Catholic musicians gathered to blog about liturgy and life
Praying for Baby Wood's speedy and safe delivery. What a fortunate child to grow up surrounded by beautiful music and poetry!
Indeed a fortunate child. Regarding recent comments about Renaissance composers, would anyone like to comment on the following? In the first decade of the 19th century an obscure European court commissioned settings of the Ordinary of the Mass which led to the late six Masses of Haydn, the crown of that great composer's career, the Mass in C of Beethoven, and five splendid Masses by Hummel, who is unjustly neglected (I am listening to one of his Masses as I type).
I remember walking into Brompton Oratory in 1973 and being hit by Haydn's 'Nelson' Mass – after years of 'kumbaya' and 'Michael row the boat ashore' I was immediately reconnected to Catholicism.

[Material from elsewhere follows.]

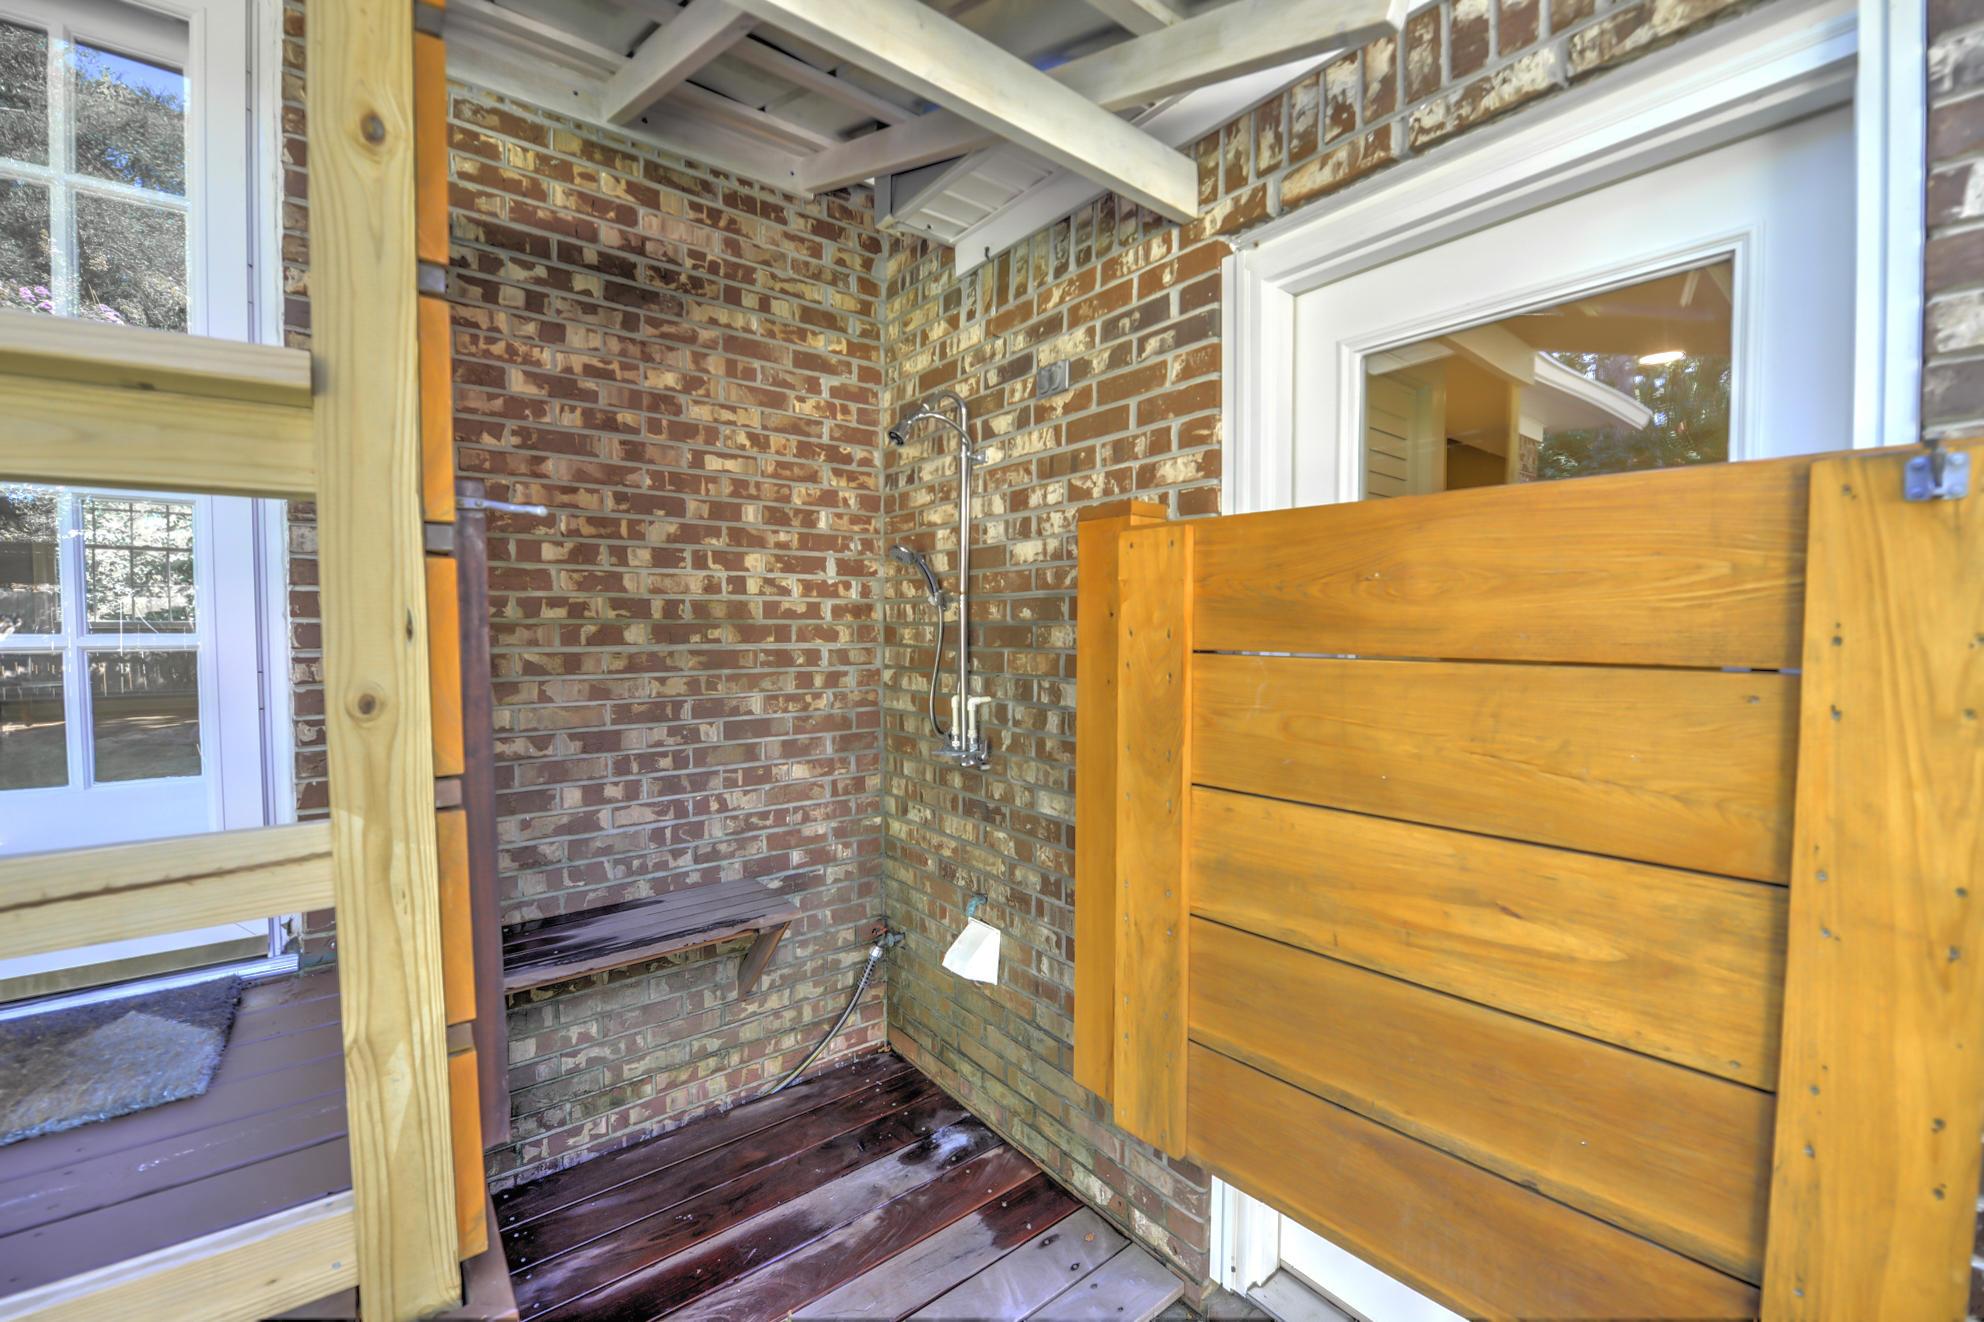 Shemwood II Homes For Sale - 1017 Jack Snipe, Mount Pleasant, SC - 31

Hello, JP! I can't imagine the thrill of walking into a church and hearing music on that scale. It would never happen in my diocese that is for sure. I don't know any of the Masses you mention but will look them up. The only Hadyn Mass I know is the Paukenmesse which is spectacular of course. My husband and I are very fond of Bach's Mass in B minor but I'm not familiar with very many orchestral Masses.
The Brompton Oratory is a very special place. When I go to London, I always try to attend Sunday Mass there, as well as at Westminster Cathedral, and evensong at Westminster Abbey and St. Paul;s Cathedral.
Hearing these very special Masses on occasion aids in the attendance at the usual parish Mass; one recalls the beauty of the experience, and, since it is the same Mass everywhere, the recollection of that wonderful Mass helps to make up for the limitations of the parish Mass.
Many of us can recall the time when a really beautiful Mass helped to rejuvenate our faith; for me, it was simply Gregorian Masses for Holy Week.
Four years ago the feast of Pentecost coincided with the bicentenary of Haydn's death, and B XVI marked it with the liturgical use of the composers last (and arguably greatest) Mass setting, the Harmoniemesse. The application of the late 18th century symphonic style to the Ordinary of the Mass works brilliantly; the through-composed style is not overlong, although it's better suited to the EF (the long Benedictus should be sung after the Consecration). Nor is Hummel second-rate Haydn; his use of the brass and woodwind is individual and innovative, and his soaring melodic lines are memorable.
I recall Easter Sunday Mass in Prague in 1993 (Jakobskirche) where the resident choir and orchestra gave us the Mass in D by Dvorak, which is probably the last in that great tradition. A schola of twenty university students provided the Propers, and the Mass was mostly in Latin. Standing room only, and the sermon was too long (and in Czech). But as soon as the priest intoned "Credo in Unum Deum" and choir, soloists and orchestra burst forth in what can only be called Brucknerian splendour, I was utterly transported. A young girl standing next to me had tears streaming down her face.
The Easter Mass in Prague sounds like heaven! I'm listening to the Dvorak Mass in D now on YouTube; it's very moving.
Thanks for mentioning the Harmoniemesse also. Absolutely delightful. I listened to YouTube, but I'm happy to see that John Eliot Gardiner has a recording of this and the Schopfungmesse— since I'm partial to his work.
Must be lovely to visit all these amazing places and hear such splendid choral music! I've never attended an actual orchestral Mass, though I've heard recordings. It must be quite a moving experience.
To be fair, the London Oratory doesn't have an orchestra very often (Xmas Midnight Mass, and perhaps St Philip's Day) and usually the organ has to stand in. The same goes for the other English Oratories, and I read today that York is to get a Congregation, which means that there will be five (London and Birmingham having been joined by Oxford and Manchester). Wherever they go it means Latin Masses in both forms, exemplary ars celebrandi, and good music.
Dr Mahrt's comment about evensong is apposite, since with the Ordinariate this service (combining vespers and compline) is now part of Catholic liturgy. Benedict XVI is certainly the pope of Christian unity.
Another bit of good news. A high proportion of young men applying for the priesthood in Westminster diocese say they are influenced by the Old Mass. Only a few years ago they would have been shown the door. Not any longer, and I understand the situation in the USA is similar.